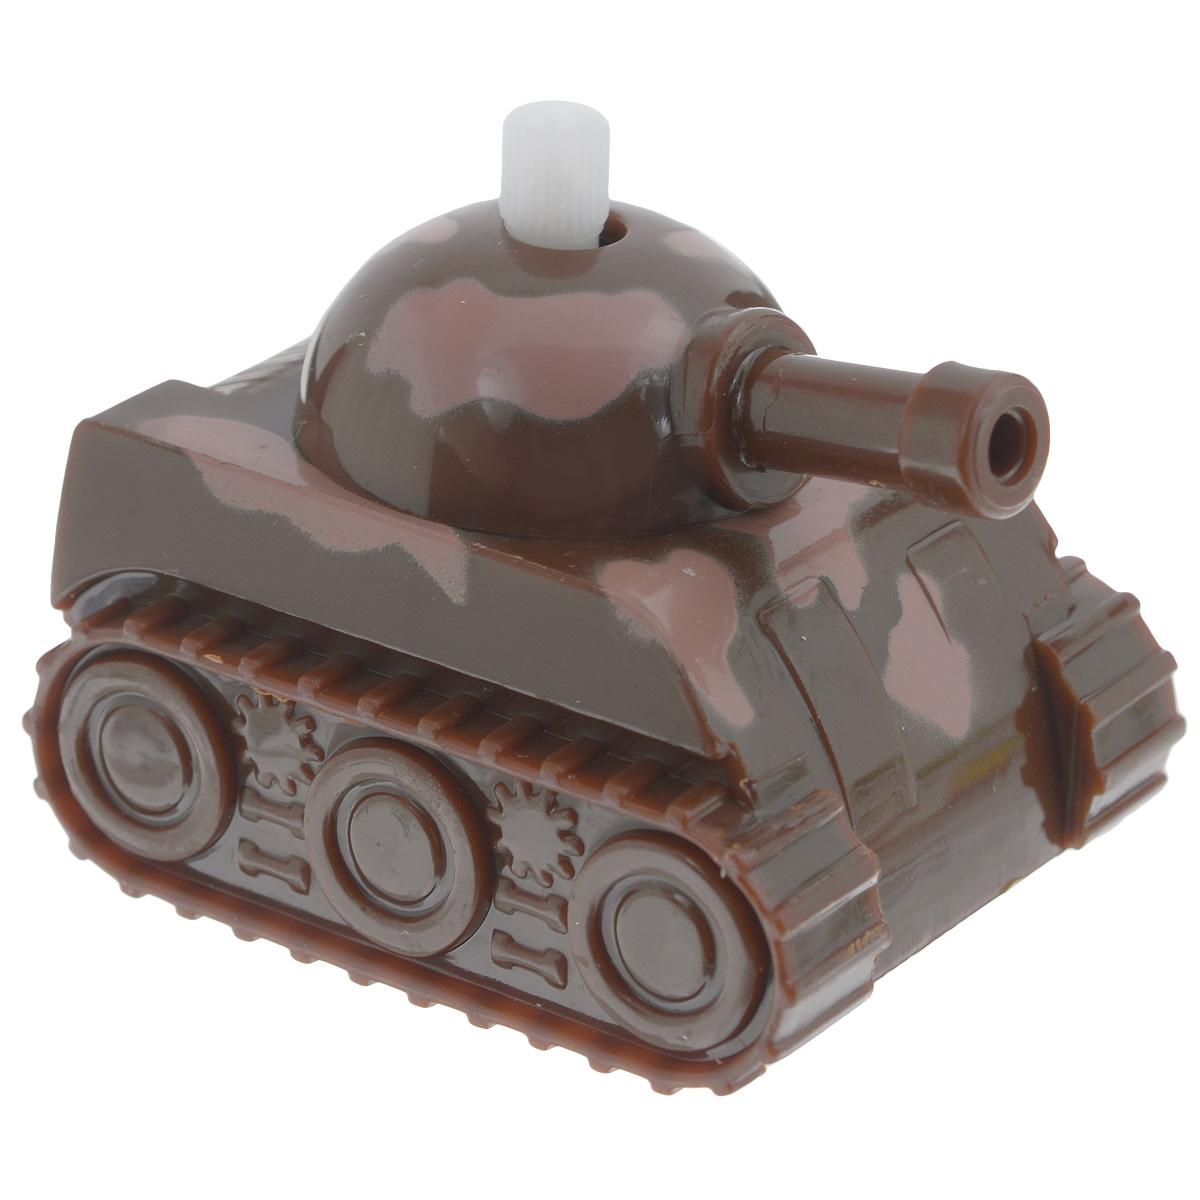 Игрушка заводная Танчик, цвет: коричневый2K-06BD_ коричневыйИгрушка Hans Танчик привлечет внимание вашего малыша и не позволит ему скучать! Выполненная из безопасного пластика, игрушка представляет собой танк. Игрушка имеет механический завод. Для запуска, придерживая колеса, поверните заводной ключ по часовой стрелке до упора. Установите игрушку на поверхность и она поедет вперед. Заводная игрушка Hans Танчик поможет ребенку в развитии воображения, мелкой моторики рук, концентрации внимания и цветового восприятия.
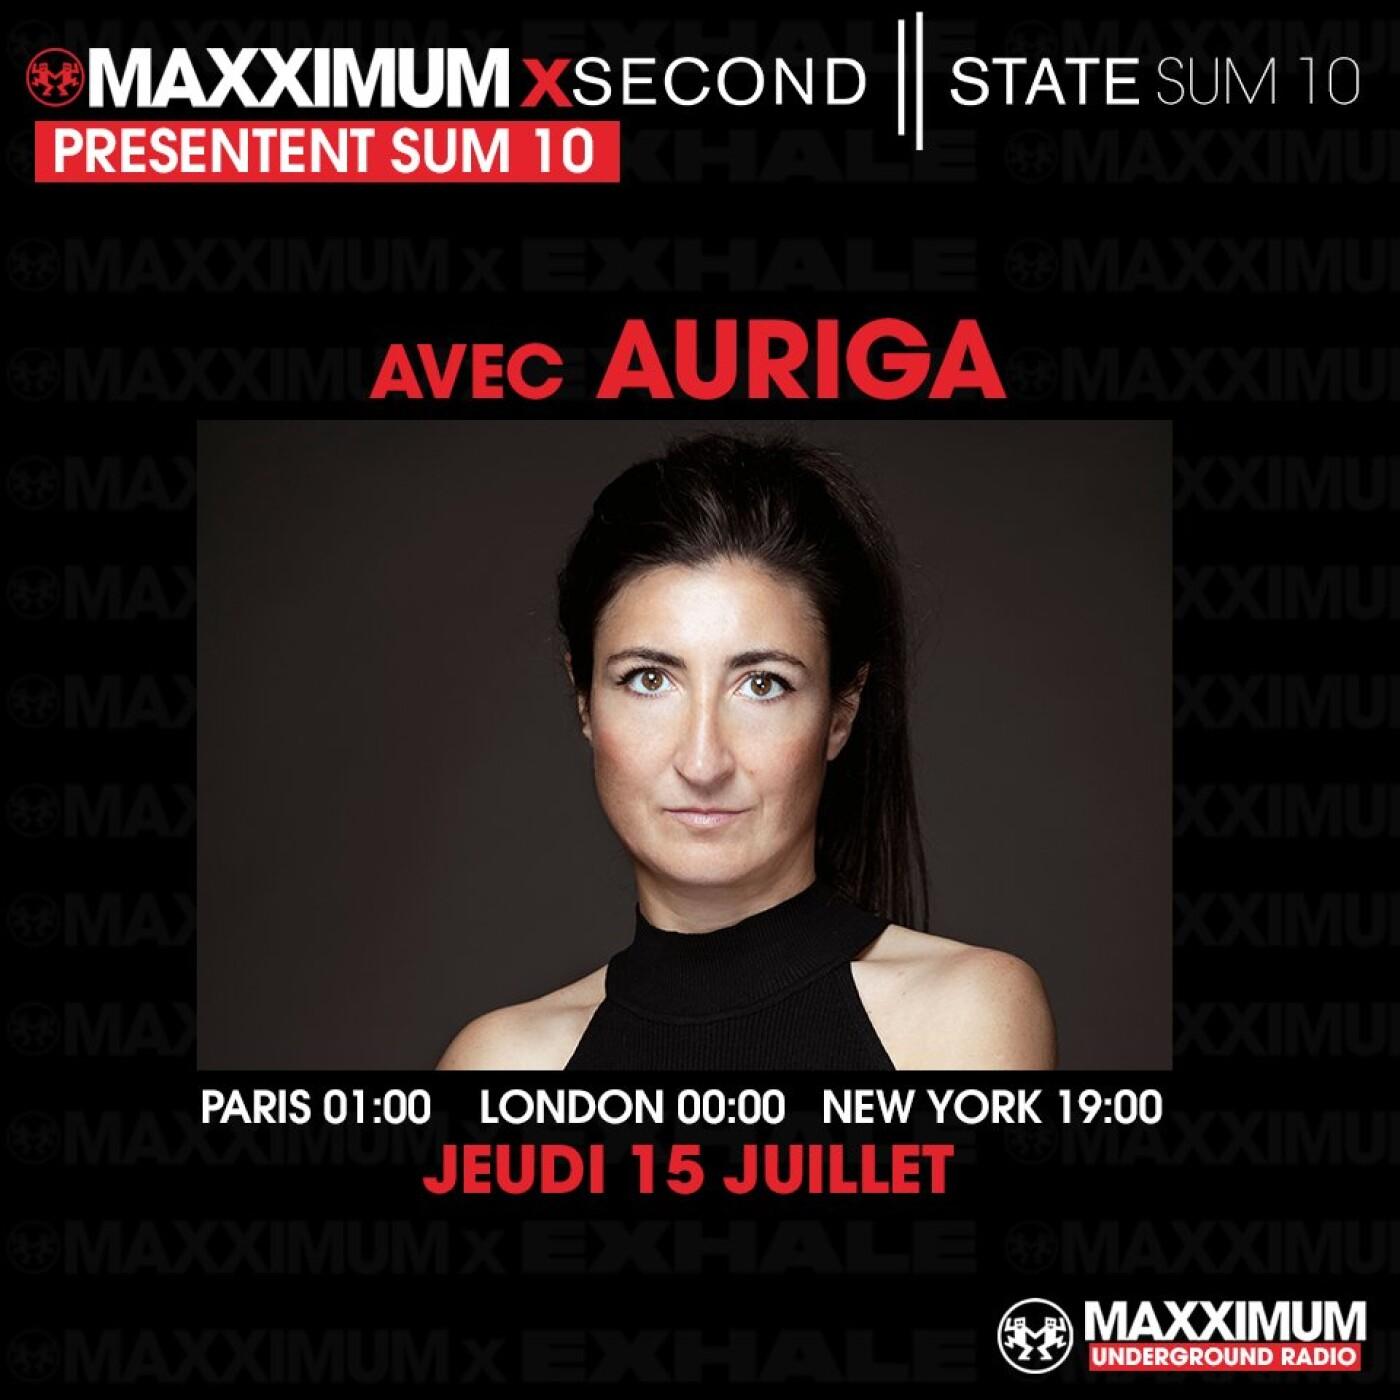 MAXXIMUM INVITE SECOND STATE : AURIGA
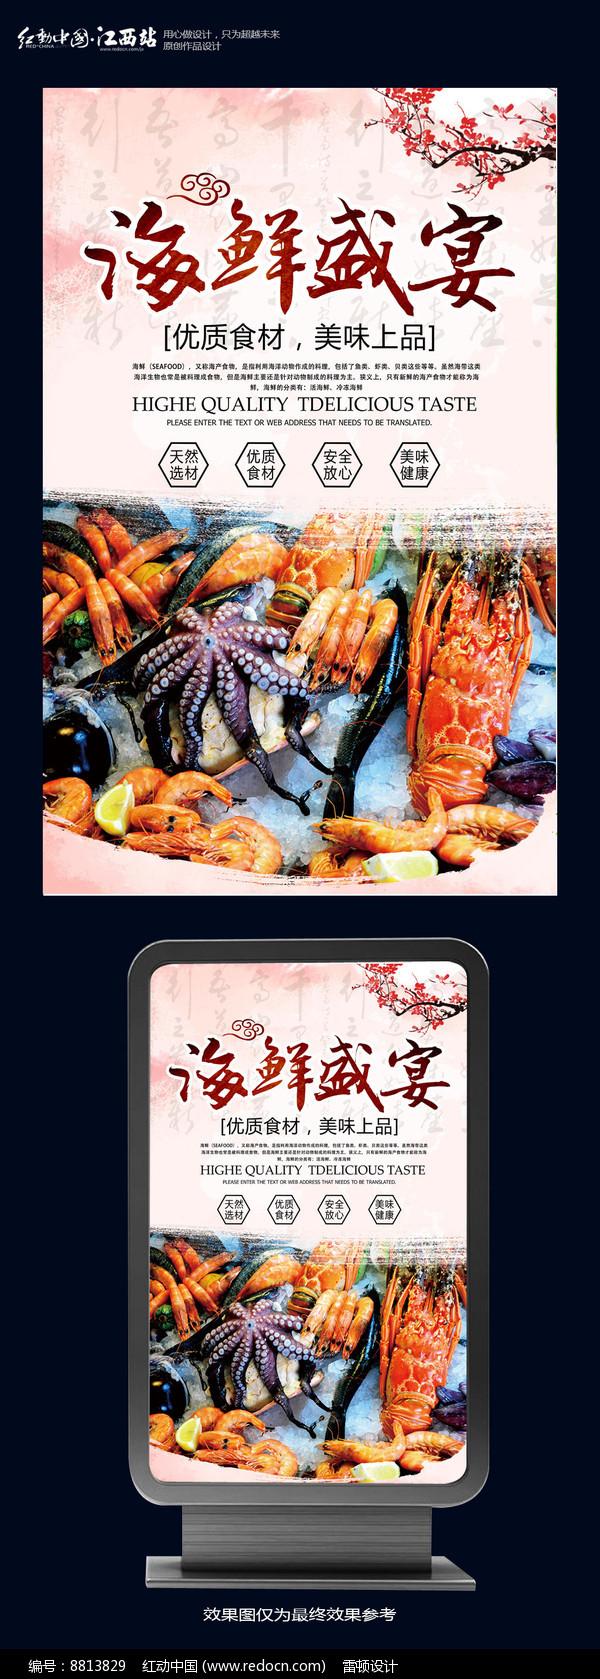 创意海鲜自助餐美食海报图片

##########

- _Your assignment_: Transcribe the listing exactly, skipping pictures.

- _Task result_:
 Игрушка заводная Танчик, цвет: коричневый2K-06BD_ коричневыйИгрушка Hans Танчик привлечет внимание вашего малыша и не позволит ему скучать! Выполненная из безопасного пластика, игрушка представляет собой танк. Игрушка имеет механический завод. Для запуска, придерживая колеса, поверните заводной ключ по часовой стрелке до упора. Установите игрушку на поверхность и она поедет вперед. Заводная игрушка Hans Танчик поможет ребенку в развитии воображения, мелкой моторики рук, концентрации внимания и цветового восприятия.
 MAXXIMUM INVITE SECOND STATE : AURIGA
 创意海鲜自助餐美食海报图片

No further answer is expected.